We have done a very small amount of prepping already. It’s something we started in preparation for our first child. Whenever we make a soup, stew, or sometimes a casserole, we save some in our chest freezer. Once the baby’s born we can thaw and heat up the saved meals instead of cooking something new. After our second child was born we didn’t have to cook any new dinners for three months! Unfortunately, this preparation is of a kind that will do us little good in the event of long-term power outage that disables the freezer.
I want to do more, but what? What small improvements can I make to my preparedness? I’ve been told that anything I chose to do is better than nothing. That’s small comfort, though, when analysis paralysis sets in.
Every time I start to seriously think about prepping I freeze up and have a panic attack. There are just so many things to do that I don’t know where to start. On top of that we’re broke. Disposable income is pretty negligible. I have no clue how to most efficiently use my scant resources to protect my family in an emergency. The icing on the cake is that our lives are so busy with work and family commitments that time is a precious and limited resource.
So, gentle readers, how should I proceed. What things can I do for little money and in little free time?
ADDENDUM:
A commenter on Facebook asked me some helpful questions, so I’m answering them here.
Can you give me a starting budget, both in terms of money and time/manpower?
Both money and manpower are extremely limited. Assume that I’m working with loose change and stolen moments of free time.
And I’m assuming that you want to prioritize power loss, and short-term disaster survival. Let me know if that’s not true.
I’m not so much interested in recovering power (such as with a generator), but short-term disaster survival. Actually, “disaster” might be a bit too strong. In the short term I’m just interested in preparing for something like being snowed in without heat and power or stuck in a Hurricane Sandy scenario. I’m not prepping for TEOTWAWKI yet. 😉
Things I want to learn include non-obvious first aid supplies, most essential every day carry, the best foods (other than canned goods) for storage, and the best prepping “hacks” and “secrets”.
Give me a list of your basic needs–does anybody require medication?
Nobody uses any medications that they can’t do without for a few weeks or longer. The only other special needs are those associated with the newborn due next month. Our basic needs are those typical to a family of 6 – 2 adults in their 30s, a 6yo, a 5yo, a 3yo, and a newborn.
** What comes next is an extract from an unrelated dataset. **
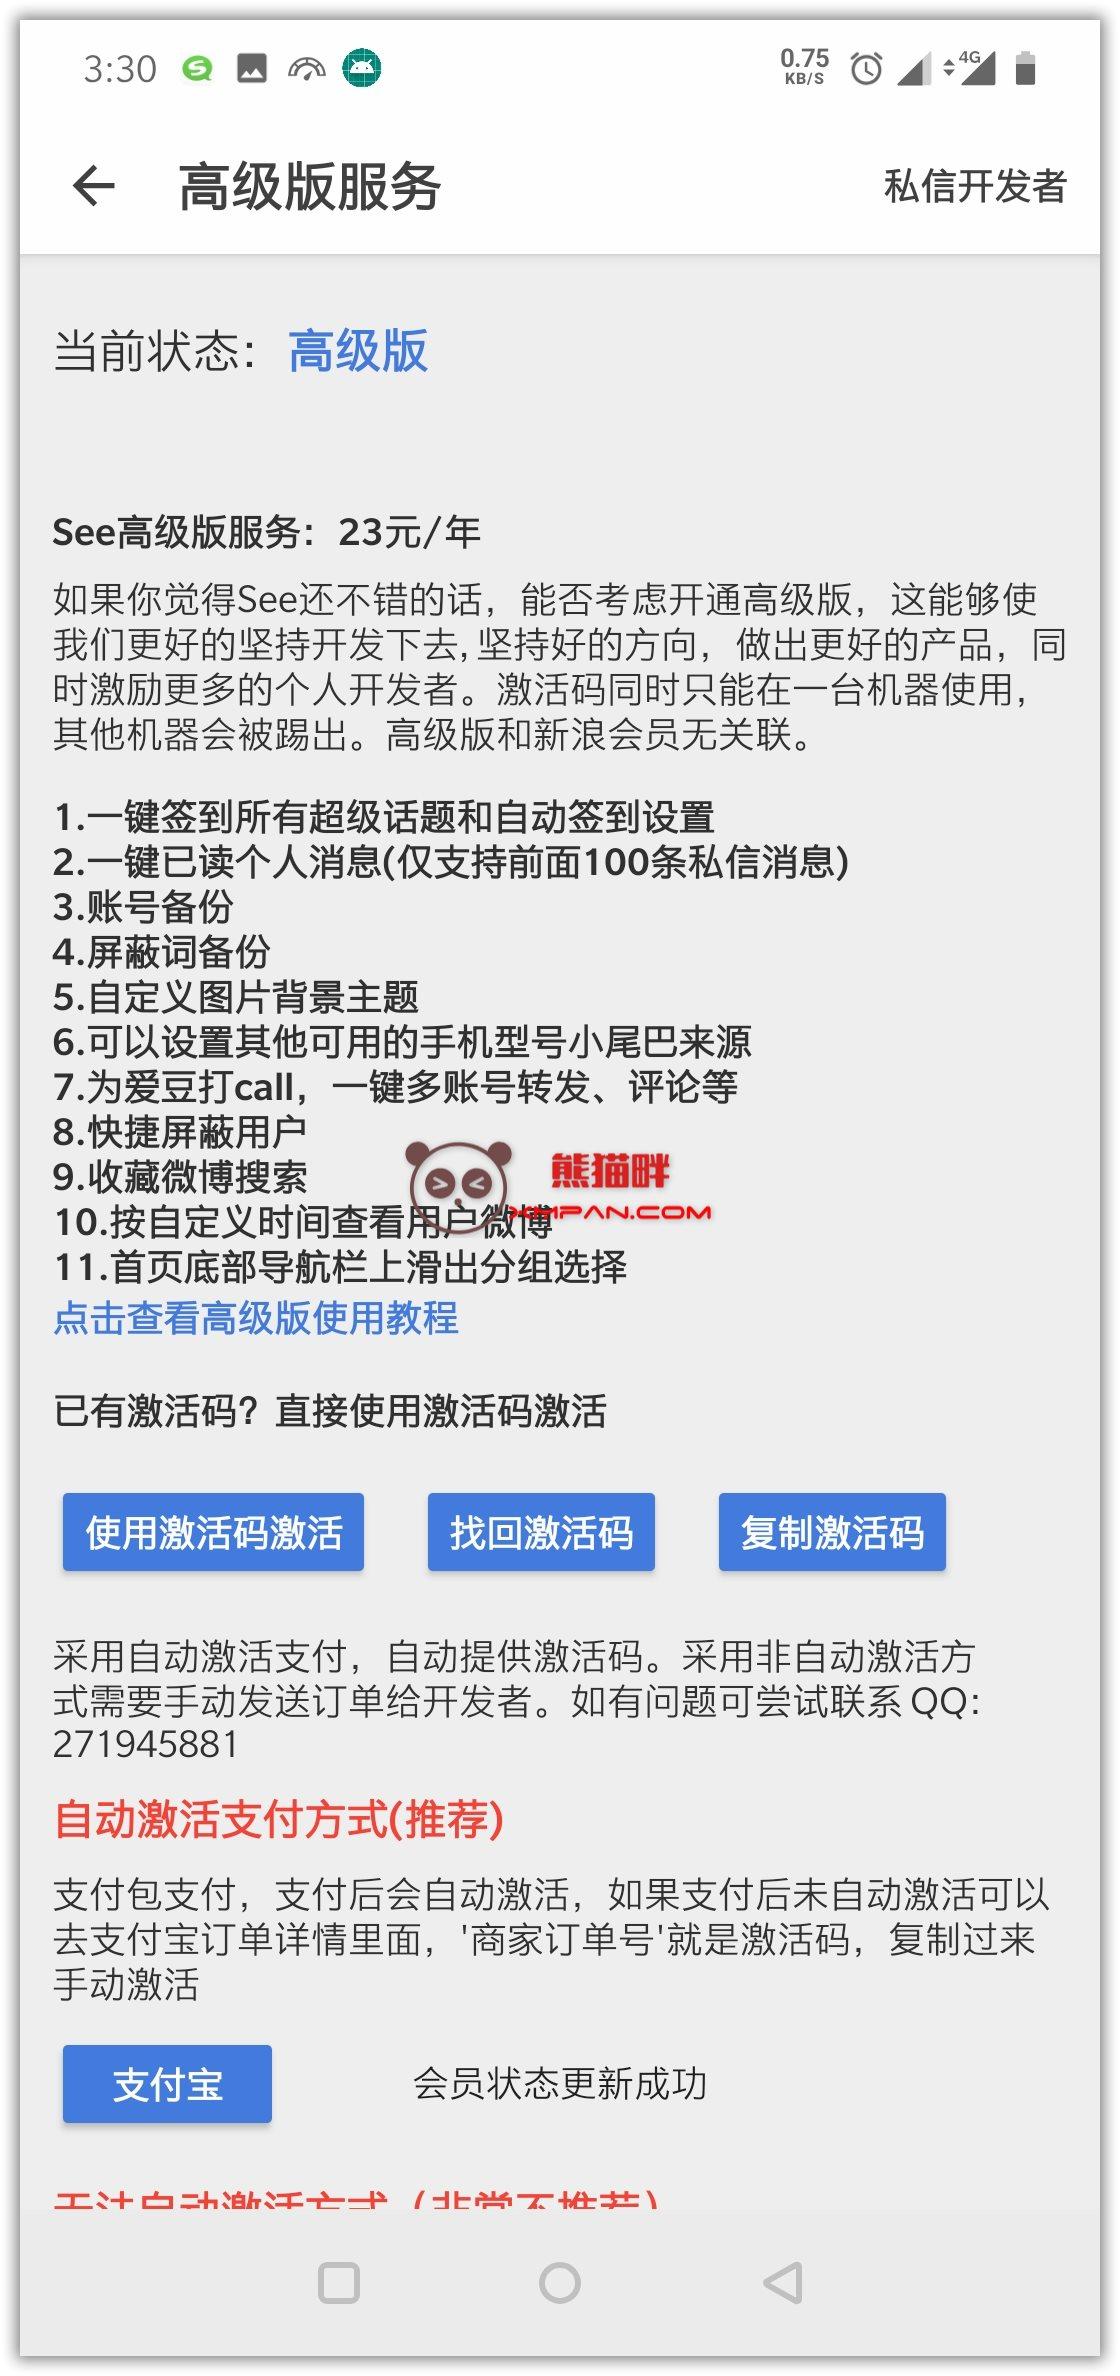 Screenshot_20211008-153020.jpg

What things do you definitely want to have power? Is there anything ‘weird’ or odd that you consider a priority? To use myself as an example, I consider my dissertation data absolutely critical.
Cell phone chargers. Nothing else jumps to mind.
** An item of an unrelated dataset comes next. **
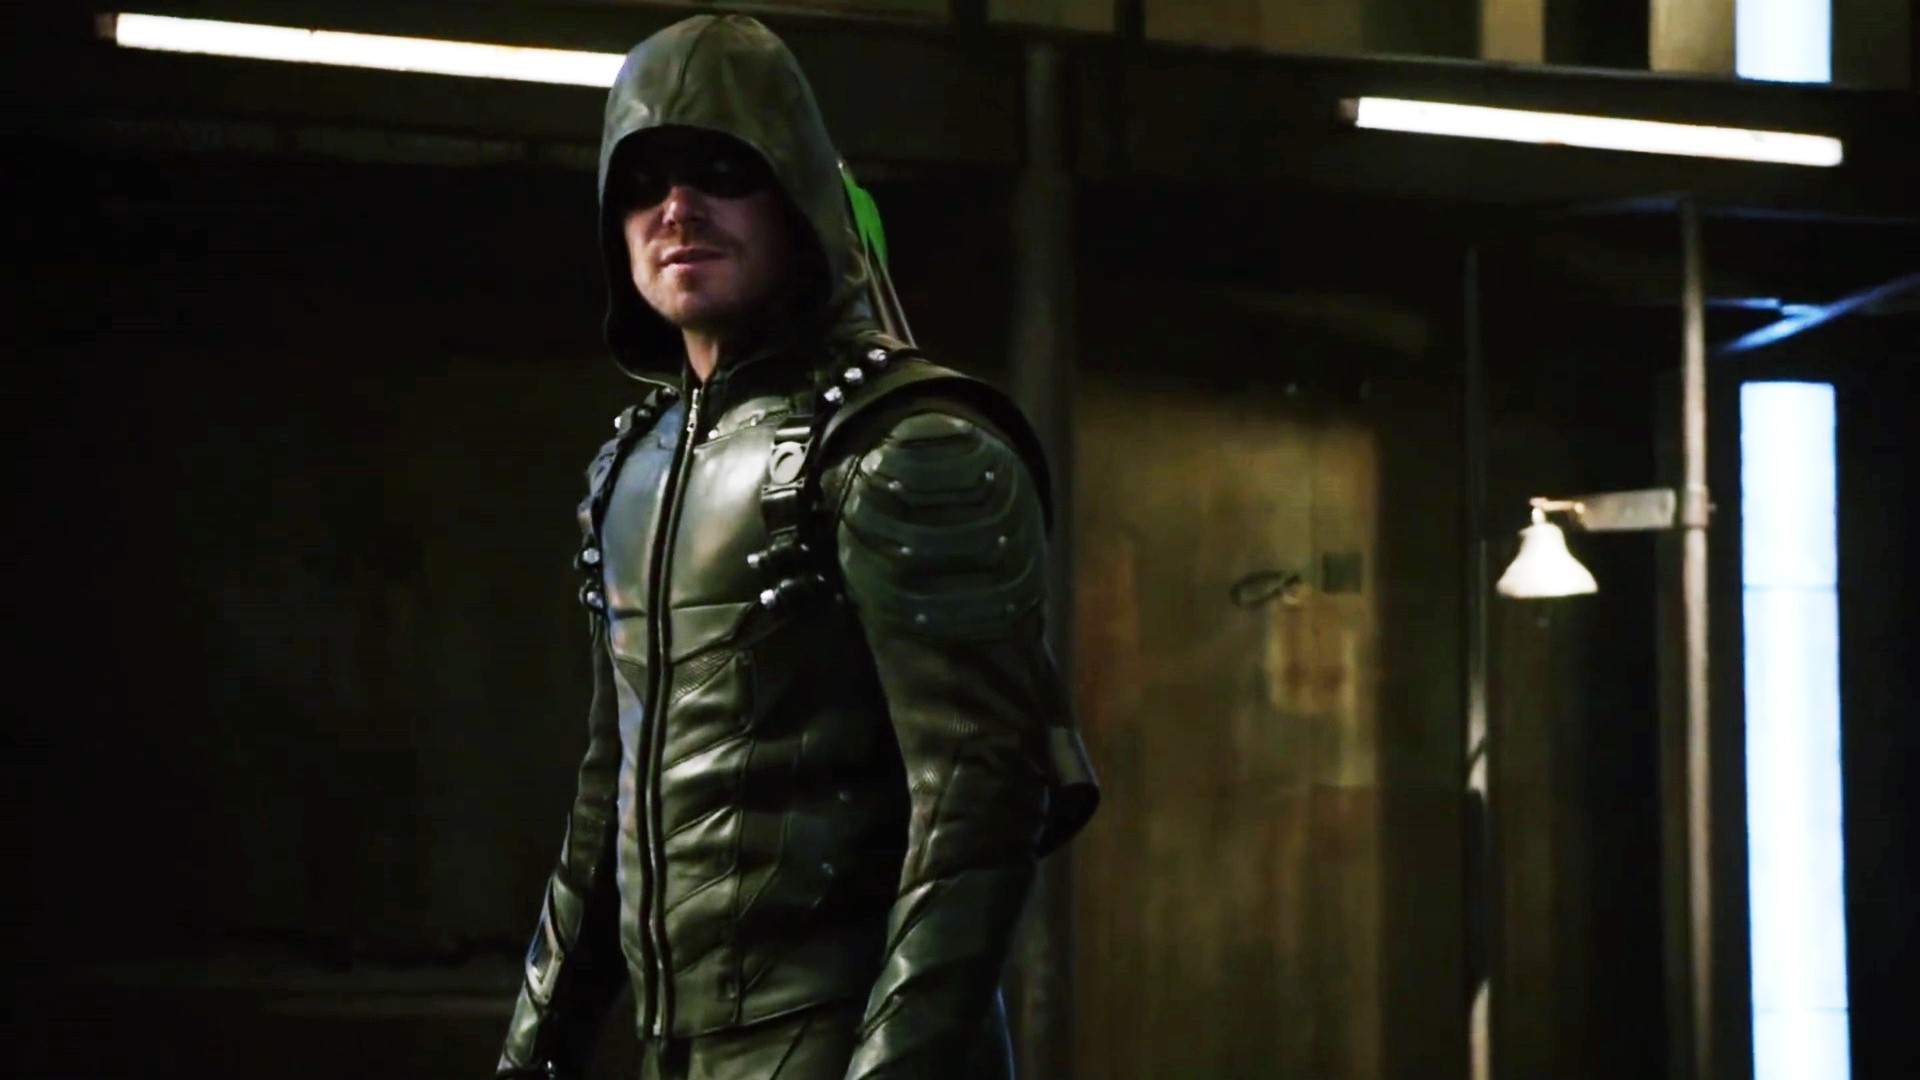 Stephen Amell Arrow Season 5 HD Wallpaper 05550

It would also help if you could provide me a list of what emergency supplies you already have–medical gear/medication, food stores, etc.
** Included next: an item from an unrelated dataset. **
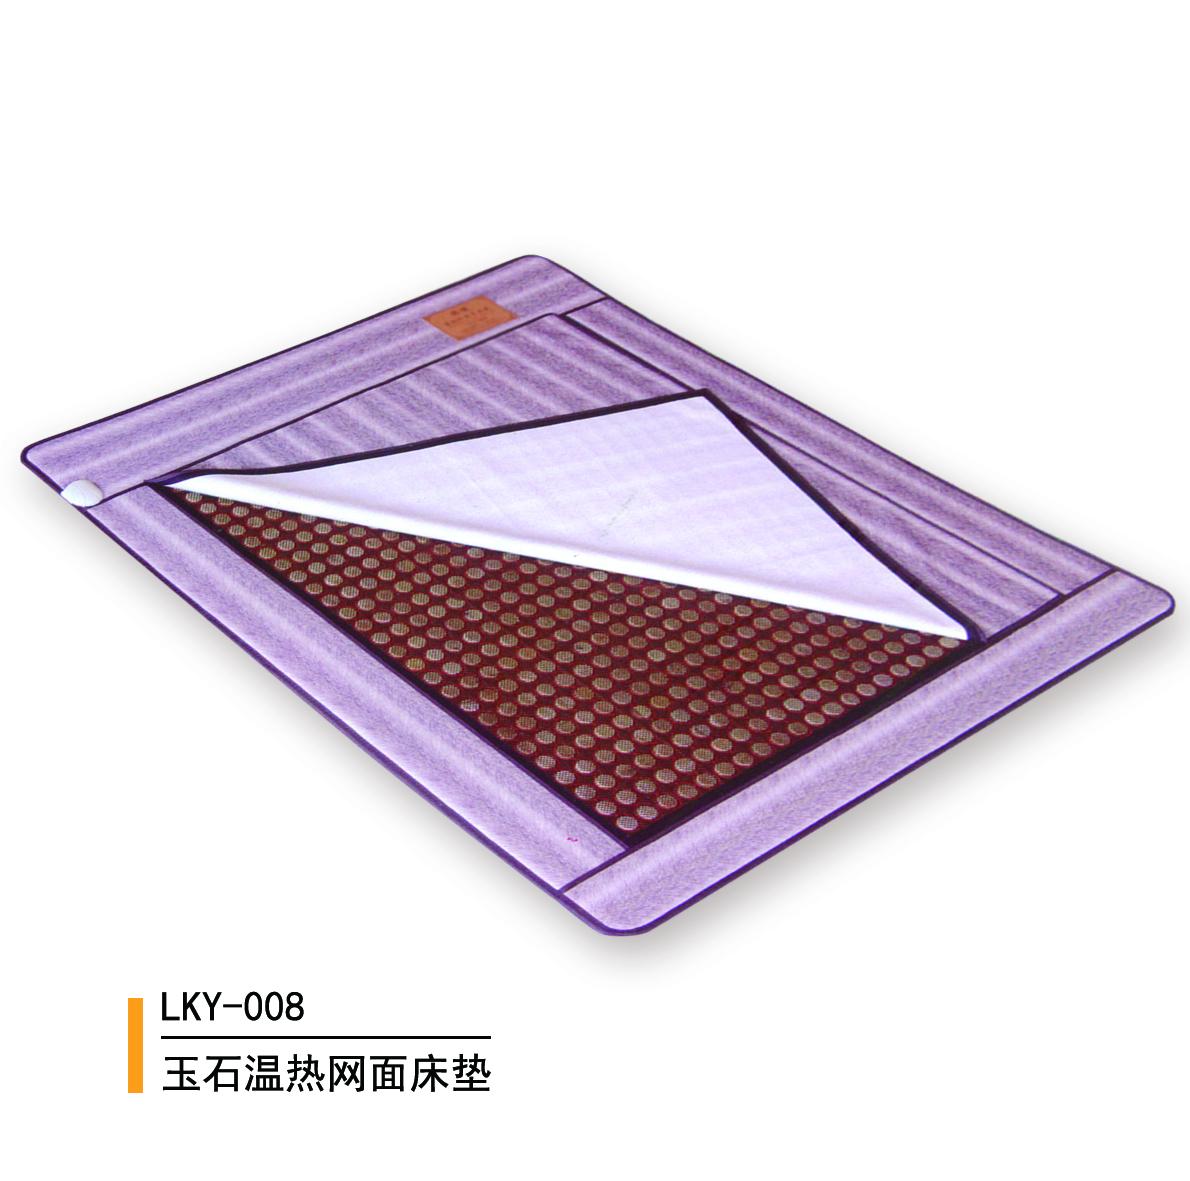 玉石温热网面床垫008

I recently put together a rudimentary first aid kit (meant mostly for hashing), and we have a store-bought kit in the car. We have several days of food, perhaps a couple weeks, without grocery shopping. However, no effort has been made to strategically build up stores.
Also, let me know if you have any skills/training that would be useful. For example, if you’re a good hand with a soldering iron, and have had a couple semesters of circuits in an electrical engineering program, you have *a lot* of options. Or if you are owed favors by a civil engineer, then we have much to discuss.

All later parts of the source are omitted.